[DATA PROVIDED Boundary: Start]

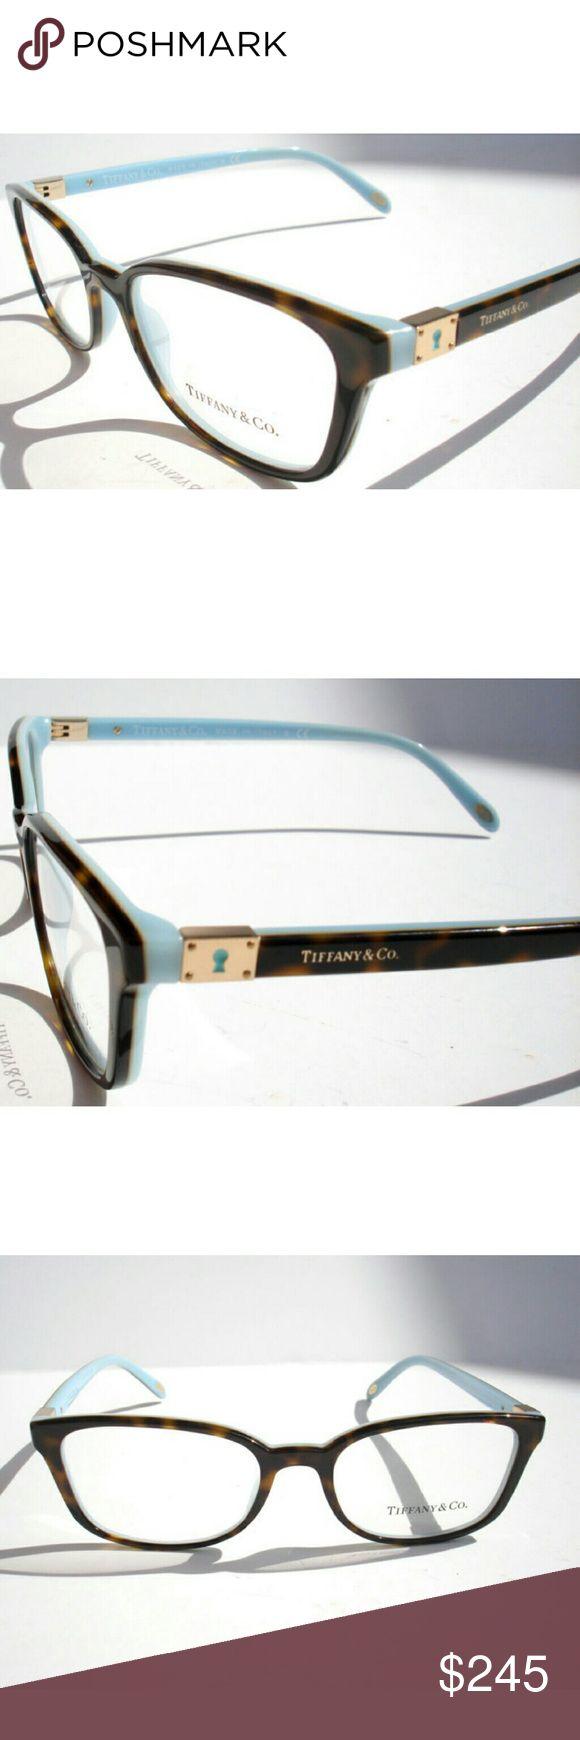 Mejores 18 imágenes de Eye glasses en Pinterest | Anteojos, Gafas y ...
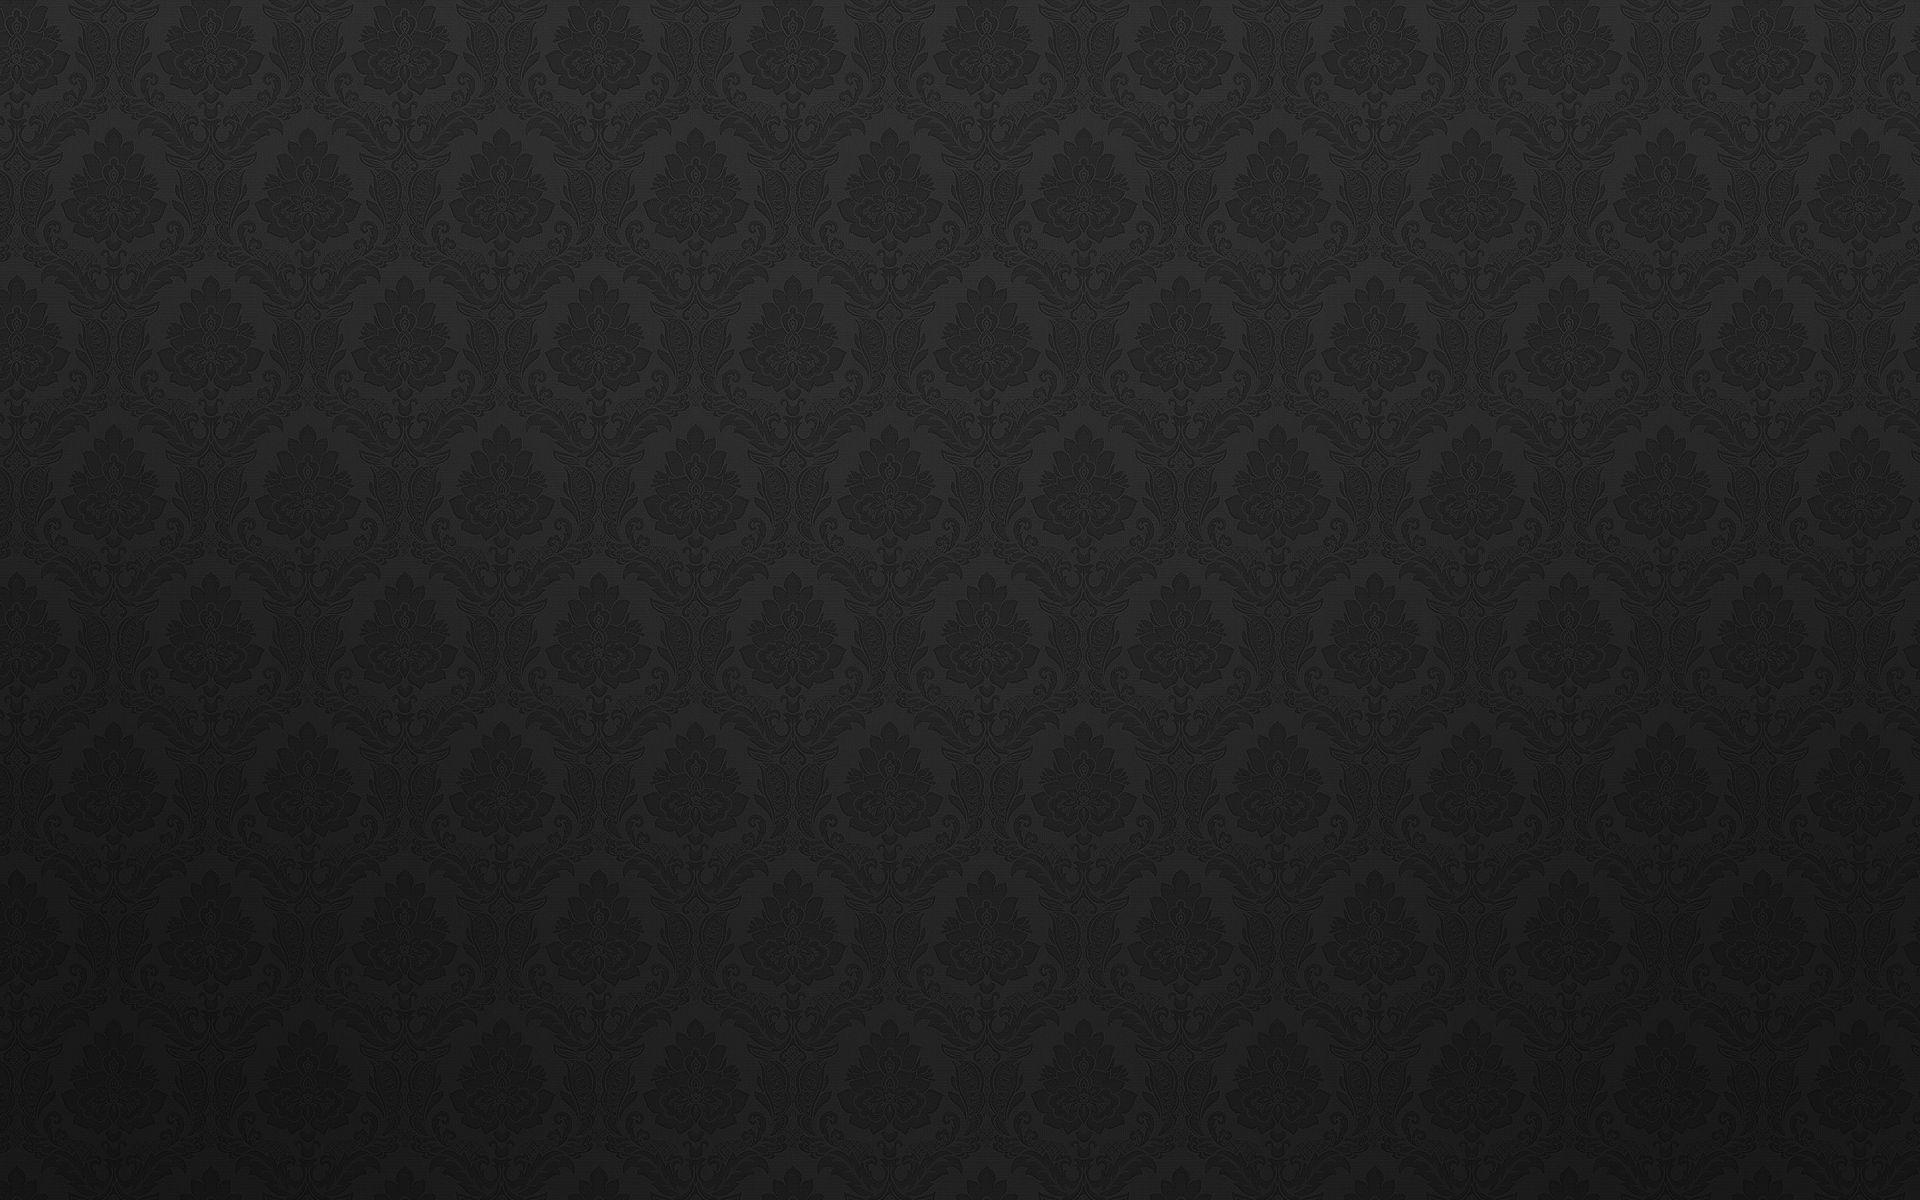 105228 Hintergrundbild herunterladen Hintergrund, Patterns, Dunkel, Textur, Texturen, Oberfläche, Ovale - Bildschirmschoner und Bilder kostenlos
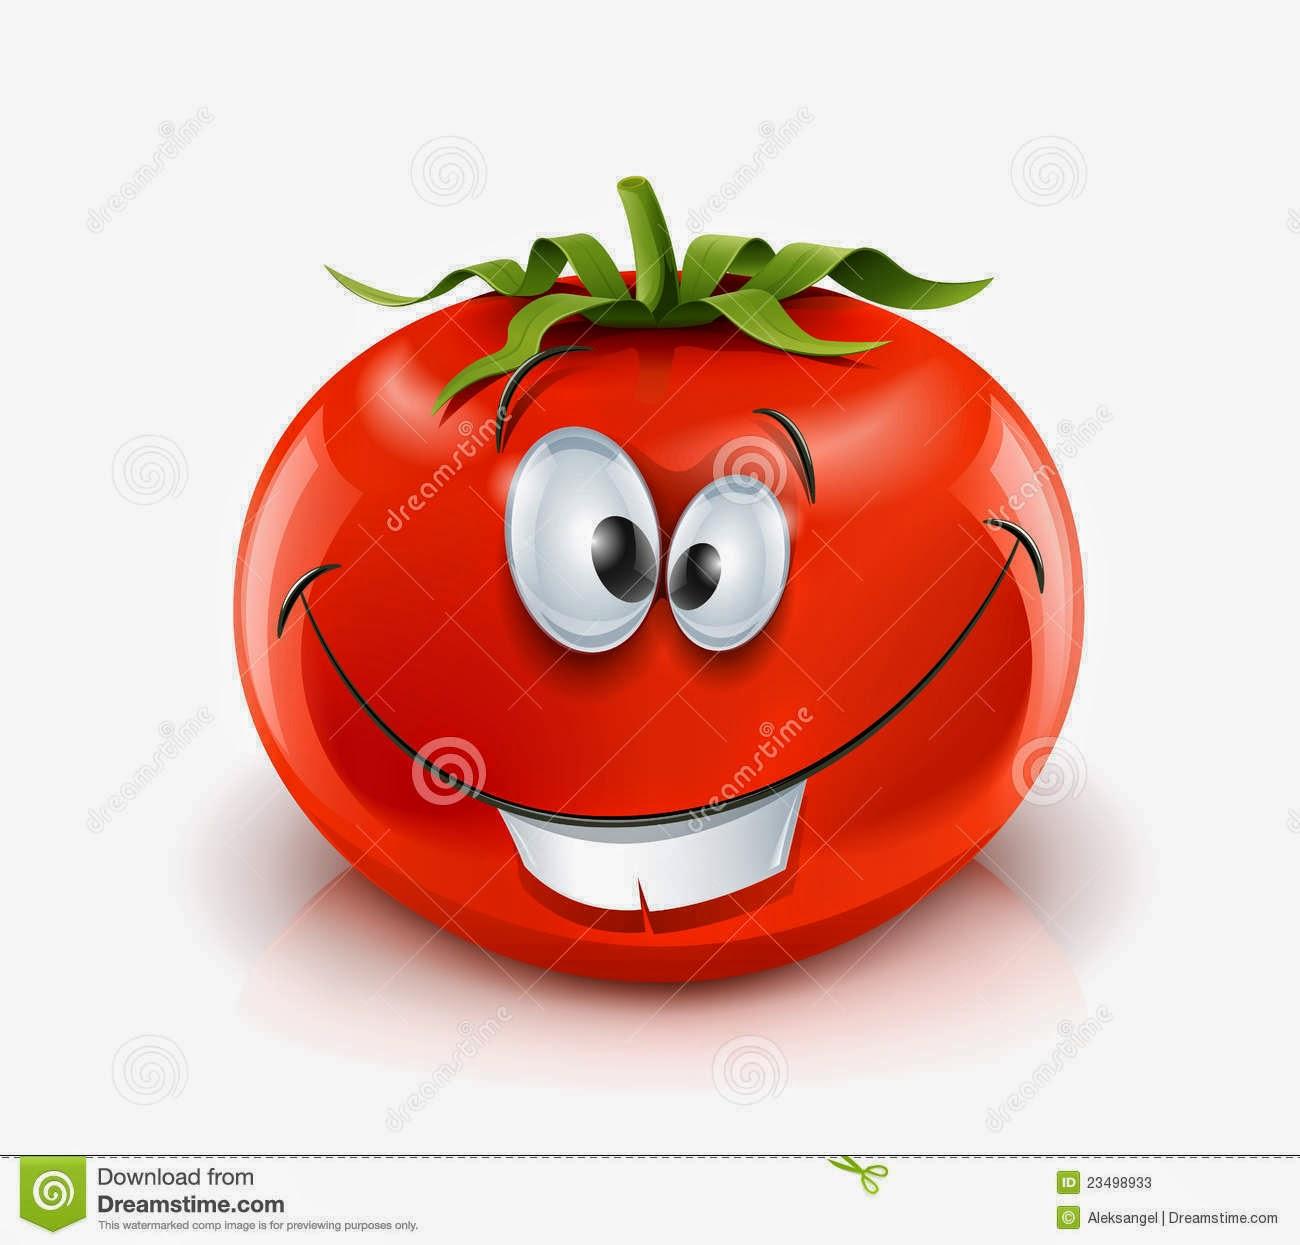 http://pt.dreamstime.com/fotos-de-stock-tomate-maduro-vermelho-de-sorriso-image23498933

[DATA PROVIDED Boundary: End]

### ABOUT THIS TASK
Set the preceding data down again word for word, omitting images.

### EXERCISE RESPONSE
 Mejores 18 imágenes de Eye glasses en Pinterest | Anteojos, Gafas y ...
 105228 Hintergrundbild herunterladen Hintergrund, Patterns, Dunkel, Textur, Texturen, Oberfläche, Ovale - Bildschirmschoner und Bilder kostenlos
 http://pt.dreamstime.com/fotos-de-stock-tomate-maduro-vermelho-de-sorriso-image23498933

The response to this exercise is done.